In present day electronic devices, continued scaling of integrated circuit features to smaller dimensions places continued pressure on patterning technology to define device features with required fidelity. Lithography is used to define patterns in mask material such as photoresist in order to provide a means to transfer desired patterns into permanent features of the device to be fabricated. For device critical dimensions (CD) smaller than about 50 nm, line edge roughness (LER) has emerged as a fundamental limiter to patterning devices.
Several features associated with lithographic patterning of photoresist contribute to LER and related problems. For one, the use of high molecular weight polymers has increased in recent technology generations because of smaller exposure doses required for patterning using such photoresists, resulting in higher substrate throughput. However, clustering that is inherent in high molecular weight polymers tends to increase LER in patterned high molecular weight photoresists, as opposed to lower molecular weight photoresists. LER is also exacerbated because of the fewer number of photons used to expose a photoresist material to be patterned, especially for high molecular weight photoresists. Each photon that strikes a photoresist material may induce photoacid diffusion into a spherical zone characteristic of the photoacid diffusion length. When only a small number of photons are used to expose a photoresist, as in high molecular weight photoresists, the overlapping spherical regions define rough boundaries at the edge of diffusion zones after the unexposed resist is removed. This so-called shot noise may define roughness on a scale that is a significant fraction of a CD for small photoresist features less than about 50 nm in CD.

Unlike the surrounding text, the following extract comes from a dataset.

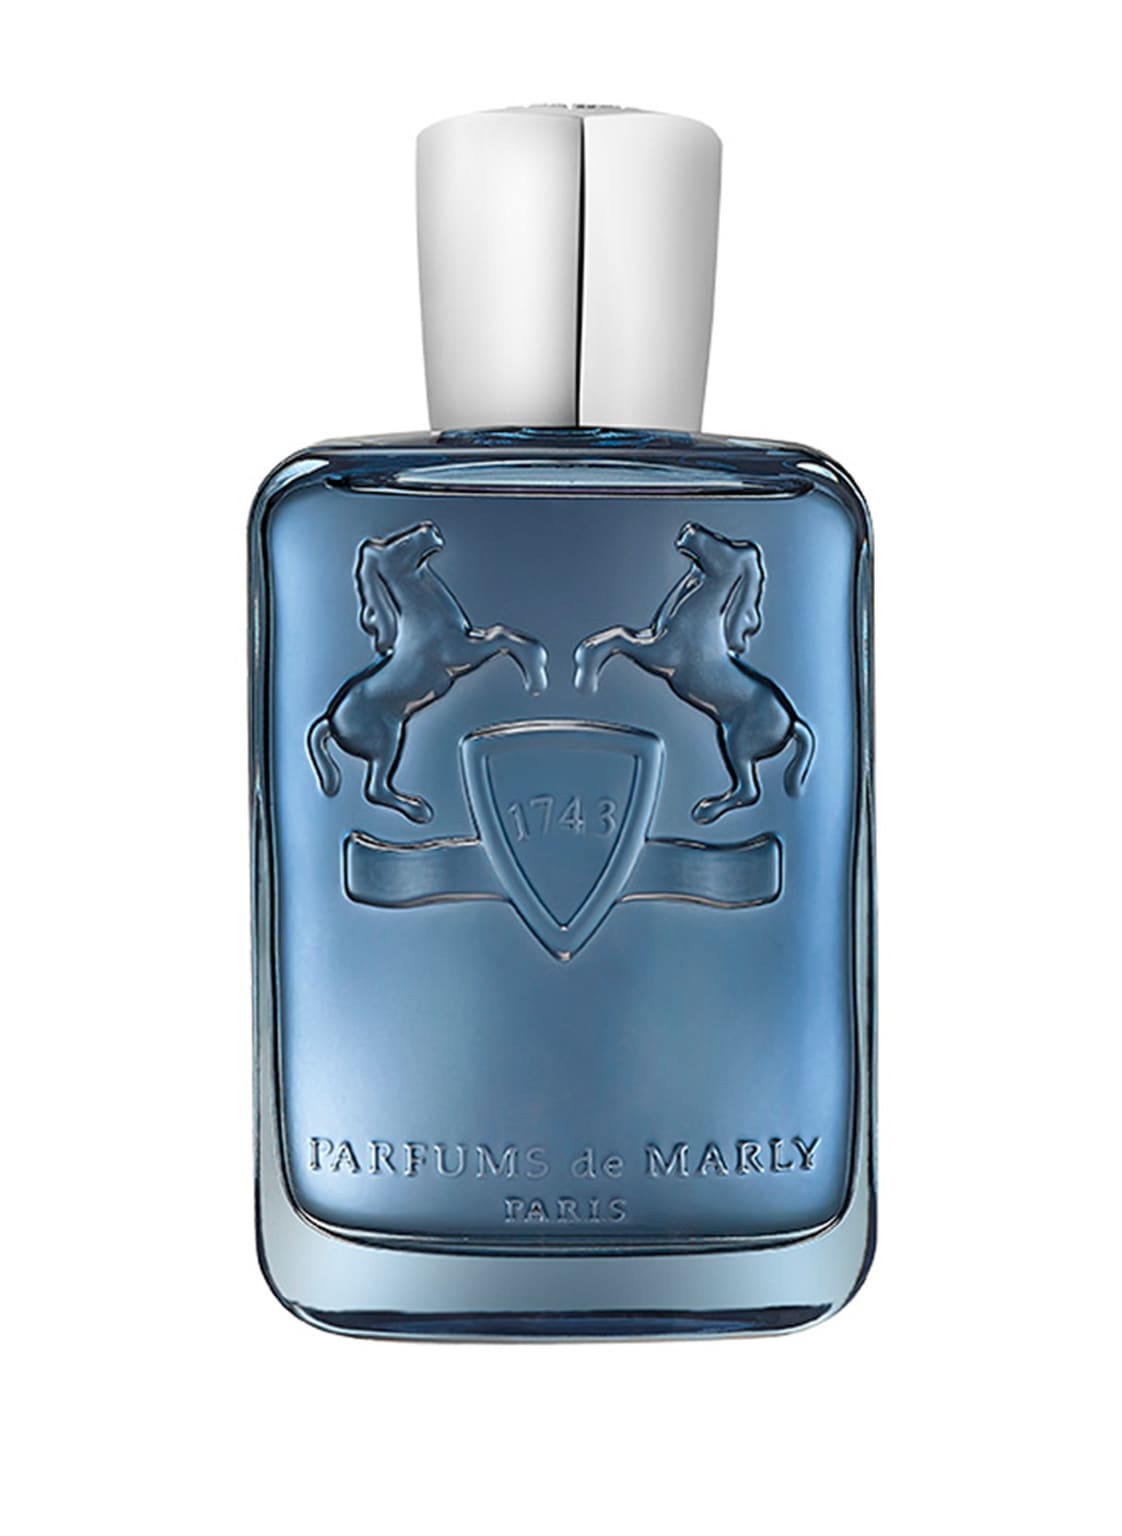 Parfums De Marly Sedley Eau de Parfum 125 ml von PARFUMS de MARLY

The increased LER in patterned photoresist typically leads to increased LER in underlying substrate layers into which the photoresist pattern is subsequently transferred. In particular, during an etch step (pattern transfer) of an underlying layer, the LER from the photoresist is transferred at least in part to the material of the underlying layer being etched. While the etching used for the pattern transfer process, typically a reactive ion etch, may exhibit some capability of reducing LER, this is typically limited.
In the present day, reduction of LER remains an active area of efforts for most device manufacturers. Several additional processes have been tested to address this problem with marginal results. For example, dry chemical etch processes have the ability to remove material from the resist image but suffer pattern dependent loading effects from different exposed area to isolated to dense biases. In addition, it is important to maintain the photoresist CD within a tight tolerance. Hence it is desirable that any secondary applied technique to improve LER maintain the original photoresist attributes for profile, height, and CD. Dry chemical etch systems may also impart unwanted defects to the pattern resulting in yield loss. Another alternative approach that has been investigated in the use of a Deep Ultraviolet (DUV) cure where a rough pattern of photoresist lines or other small features is exposed to a lamp based platform in which heating through radiation exposure is used to smooth the photoresist lines. A drawback to this technique is a feature found in the corner of line segments where pattern pull back occurs, resulting in line deformation in such a way to render the device to be patterned useless.